[WHAT YOU ARE ASKED TO DO]:
Reproduce the listing below exactly, except for its pictures.

[GIVEN INFORMATION]:
===============

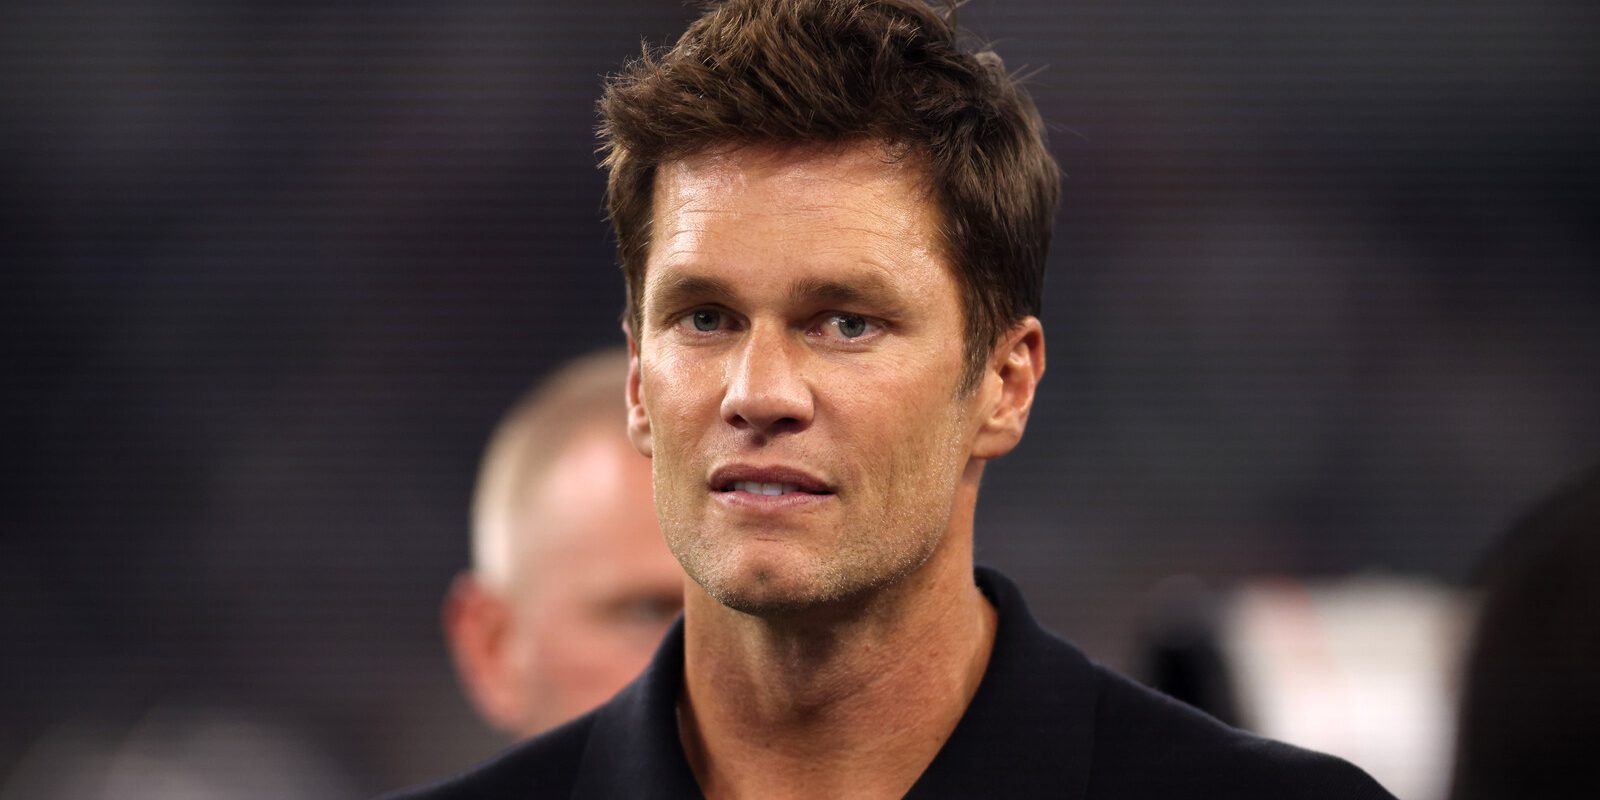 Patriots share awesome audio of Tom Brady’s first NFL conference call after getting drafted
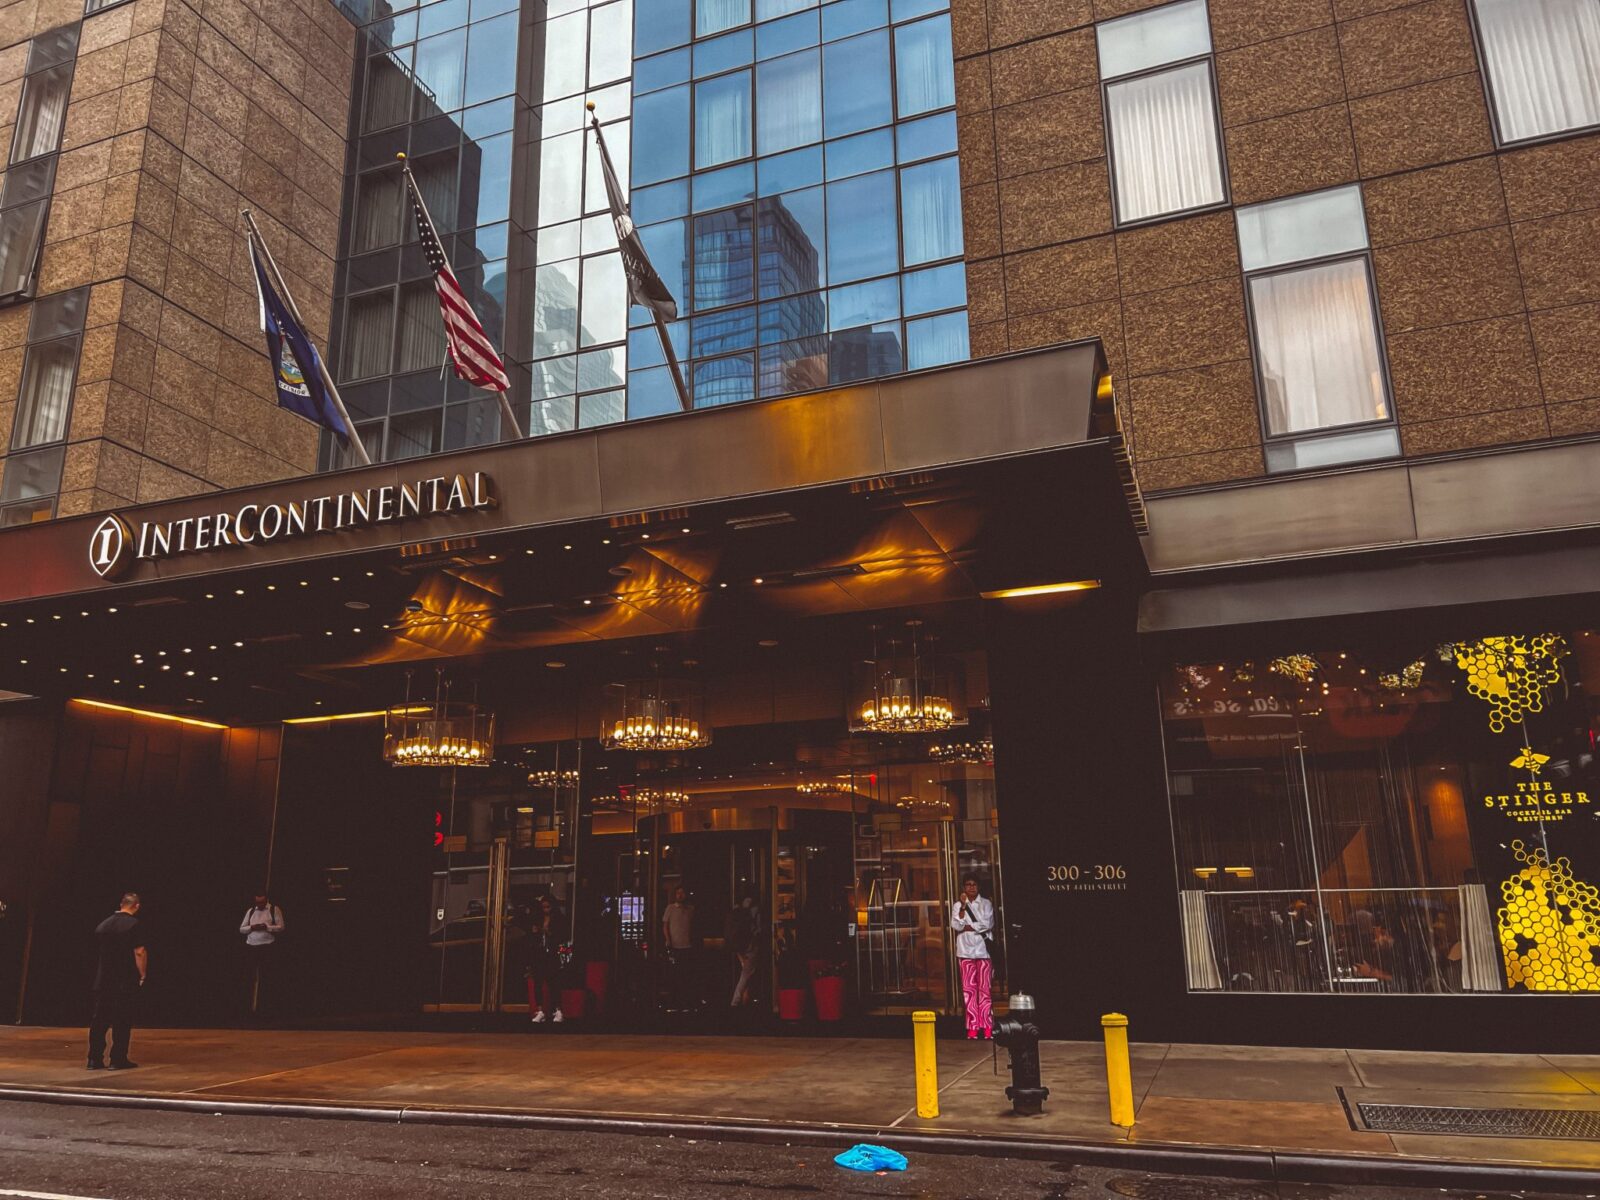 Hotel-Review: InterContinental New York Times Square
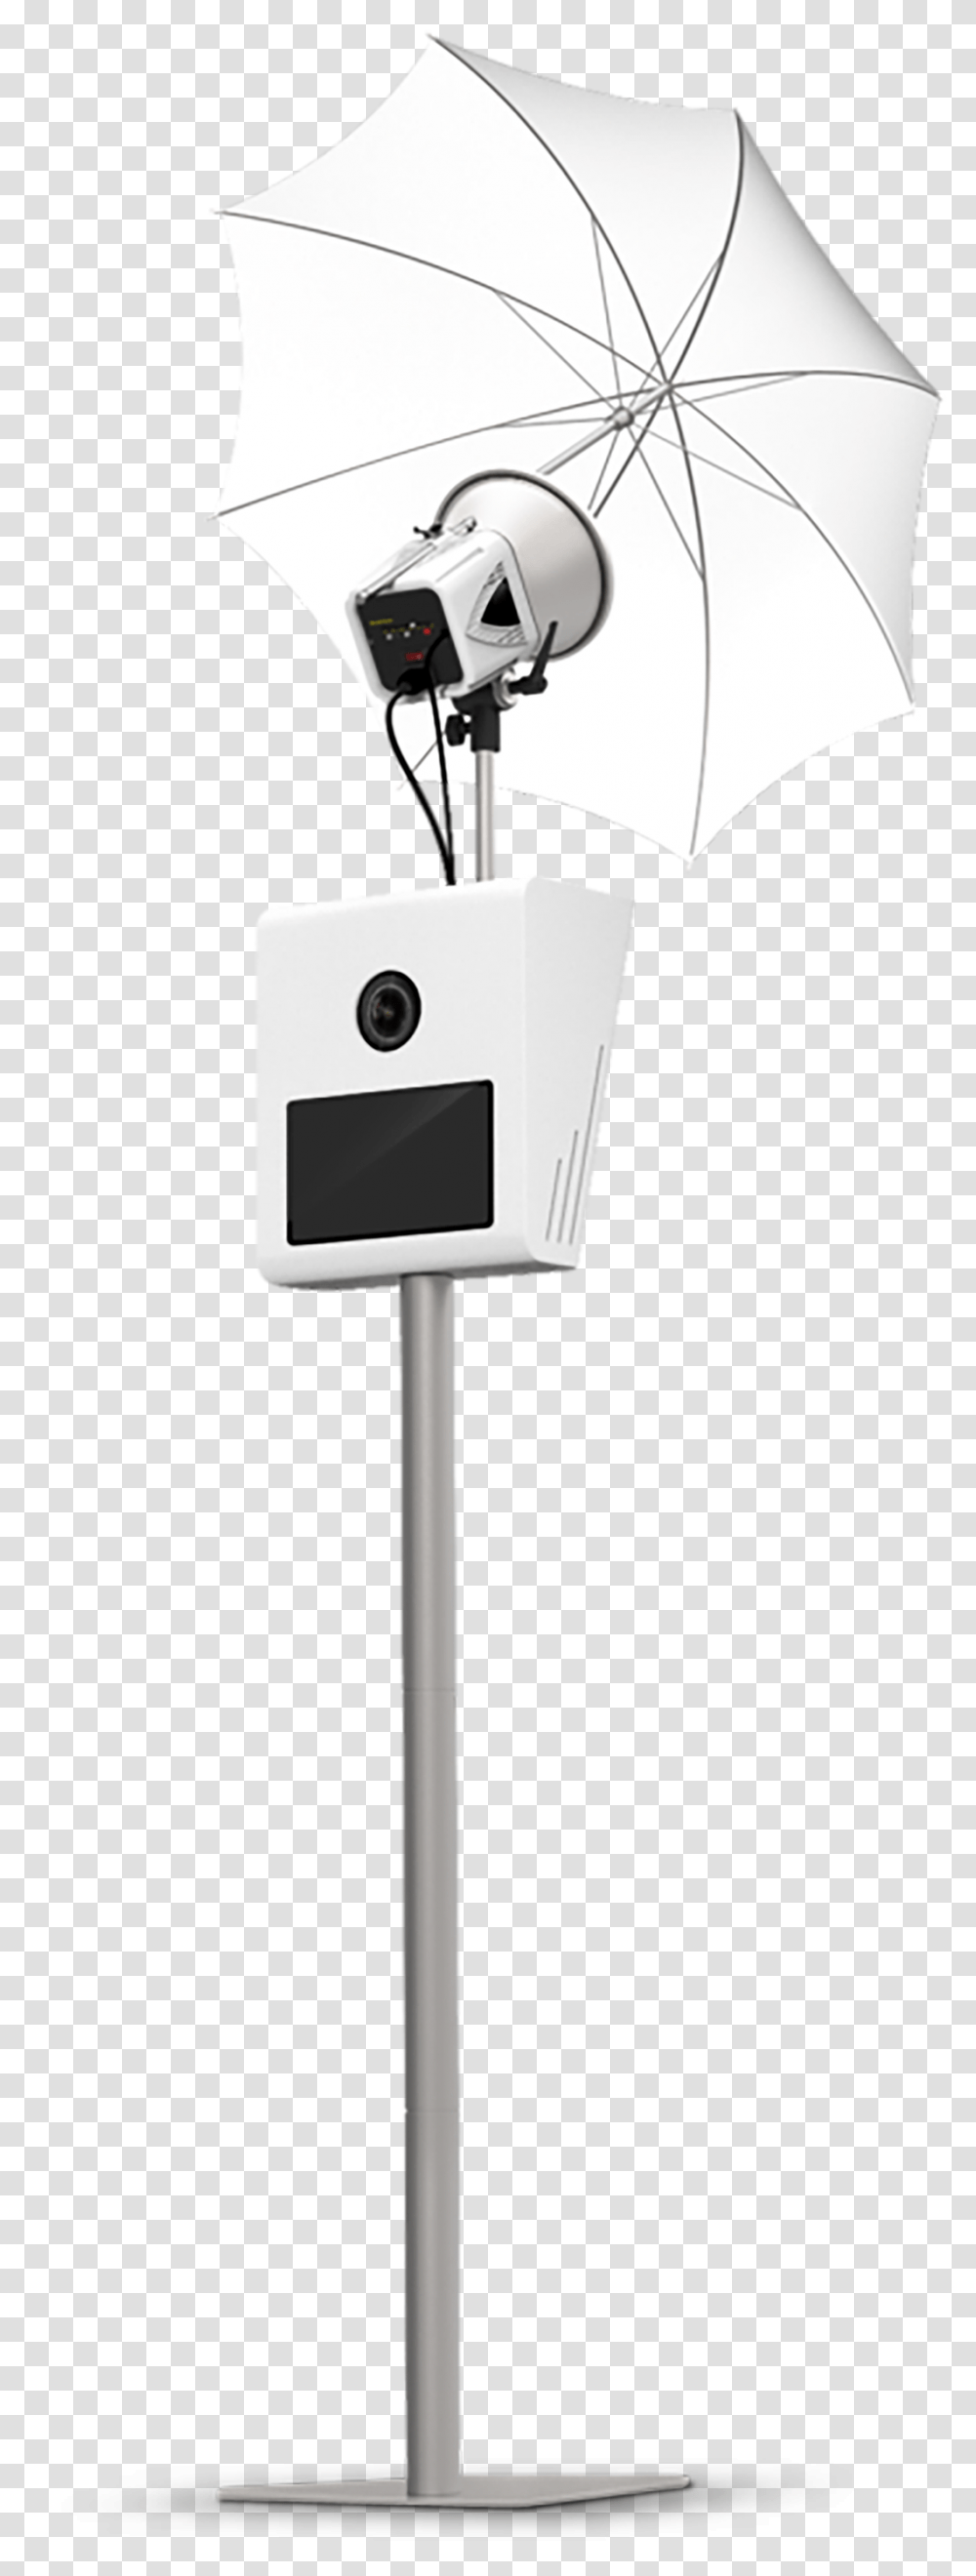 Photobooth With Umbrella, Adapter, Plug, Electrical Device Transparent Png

===============

[EXPECTED ANSWER]:
 Patriots share awesome audio of Tom Brady’s first NFL conference call after getting drafted
 Hotel-Review: InterContinental New York Times Square
 Photobooth With Umbrella, Adapter, Plug, Electrical Device Transparent Png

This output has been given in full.